La Coldiretti, in un comunicato stampa di commento ai dati Istat, individua – al di là della generale crisi dell’economia italiana ed europea – due ragioni congiunturali alla base del calo particolarmente elevato degli occupati in agricoltura: la psicosi da batterio killer e “l’andamento stagionale primaverile sfavorevole con pioggia continua che ha ostacolato il normale svolgimento delle semine”.
In particolare il primo fattore – la paura (ingiustificata) del “batterio killer” – secondo Coldiretti ha pesato in maniera decisiva sull’andamento dell’agricoltura italiana, determinando una grave “crisi di mercato che ha colpito alcune coltivazioni ad elevato impiego di manodopera come la frutta e la verdura”. La psicosi in particolare ha contribuito a configurare un giugno drammatico per il comparto agroalimentare italiano, con casi-limite come quello dei cetrioli (correlati a un certo punto – erroneamente – all’emergenza Escherichia Coli), che secondo i dati forniti dalla Coldiretti hanno raggiunto il non invidiabile primato del 90% di prodotto invenduto nelle fasi di massima emergenza del mese di giugno.

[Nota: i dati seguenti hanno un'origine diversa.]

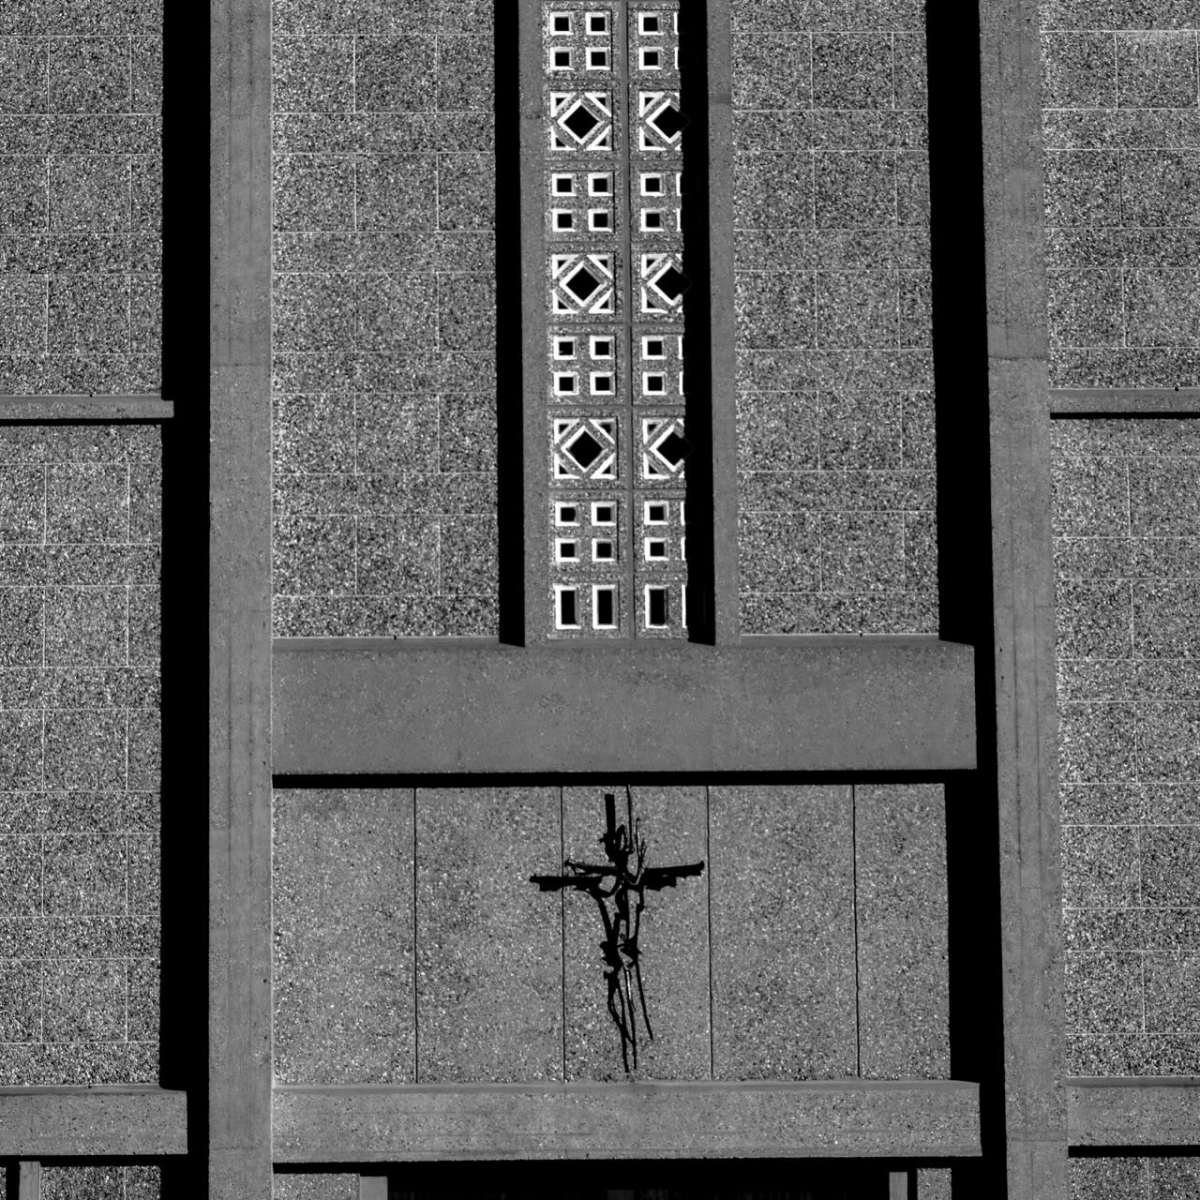 Crucifixion over the entrance to St. Joseph's Church in Le Havre in Normandy, France

In generale si parla di un calo medio dei consumi di ortofrutta pari al 20%, per un danno economico determinato dalla psicosi da batterio killer che è quantificato in circa 150 milioni di euro, e con un fortissimo problema di mancate esportazioni all’estero, essendo tradizionalmente la Germania (cioè il Paese più colpito dall’emergenza Escherichia Coli) il principale mercato di sbocco della produzione ortofrutticola italiana. “A causa dei crollo dei consumi e delle esportazioni determinato dalla paura nei campi – precisa la Coldiretti – sono rimasti invenduti oltre cinquanta milioni di chili di ottime e sane verdure italiane”. Da qui tutta una serie di ripercussioni negative sull’intero comparto agroalimentare, compreso il prevedibile calo dell’occupazione. Tuttavia – precisa Coldiretti – “l’agricoltura resta un’importante opportunità occupazionale per molti giovani, che si stima in ben 250.000 abbiano partecipato alle campagne di raccolta estiva per la frutta e la vendemmia”.